▶ [WHAT TO WORK ON]:
Within the listing below, filter for "photography" and copy every matching line.

▶ [DATASET EXTRACT]:

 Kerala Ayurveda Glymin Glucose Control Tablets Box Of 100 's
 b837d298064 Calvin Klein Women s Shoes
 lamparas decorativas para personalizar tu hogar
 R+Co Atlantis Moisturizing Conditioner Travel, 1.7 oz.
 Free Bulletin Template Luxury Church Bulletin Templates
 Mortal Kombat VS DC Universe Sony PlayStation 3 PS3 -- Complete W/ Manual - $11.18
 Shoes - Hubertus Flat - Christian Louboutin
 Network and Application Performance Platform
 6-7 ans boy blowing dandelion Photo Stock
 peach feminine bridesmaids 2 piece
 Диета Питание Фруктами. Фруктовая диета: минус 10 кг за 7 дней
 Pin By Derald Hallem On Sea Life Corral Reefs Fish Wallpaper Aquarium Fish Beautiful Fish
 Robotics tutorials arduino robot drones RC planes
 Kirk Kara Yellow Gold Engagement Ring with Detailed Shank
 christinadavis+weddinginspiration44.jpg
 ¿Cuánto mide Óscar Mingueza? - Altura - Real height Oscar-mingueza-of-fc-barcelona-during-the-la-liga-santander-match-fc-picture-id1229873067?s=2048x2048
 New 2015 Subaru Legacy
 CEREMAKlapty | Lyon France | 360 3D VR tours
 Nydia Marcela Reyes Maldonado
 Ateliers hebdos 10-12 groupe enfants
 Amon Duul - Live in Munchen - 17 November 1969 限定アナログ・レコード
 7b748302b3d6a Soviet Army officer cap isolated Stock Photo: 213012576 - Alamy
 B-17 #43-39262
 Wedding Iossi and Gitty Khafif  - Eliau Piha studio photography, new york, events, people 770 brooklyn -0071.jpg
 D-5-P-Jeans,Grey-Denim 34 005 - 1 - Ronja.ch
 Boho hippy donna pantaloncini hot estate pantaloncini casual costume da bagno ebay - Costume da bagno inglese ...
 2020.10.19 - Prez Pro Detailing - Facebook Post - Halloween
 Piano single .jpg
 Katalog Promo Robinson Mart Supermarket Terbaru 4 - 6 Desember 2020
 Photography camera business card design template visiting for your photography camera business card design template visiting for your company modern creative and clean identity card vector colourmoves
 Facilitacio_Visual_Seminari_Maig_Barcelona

▶ [EXERCISE RESULT]:
 Wedding Iossi and Gitty Khafif  - Eliau Piha studio photography, new york, events, people 770 brooklyn -0071.jpg
 Photography camera business card design template visiting for your photography camera business card design template visiting for your company modern creative and clean identity card vector colourmoves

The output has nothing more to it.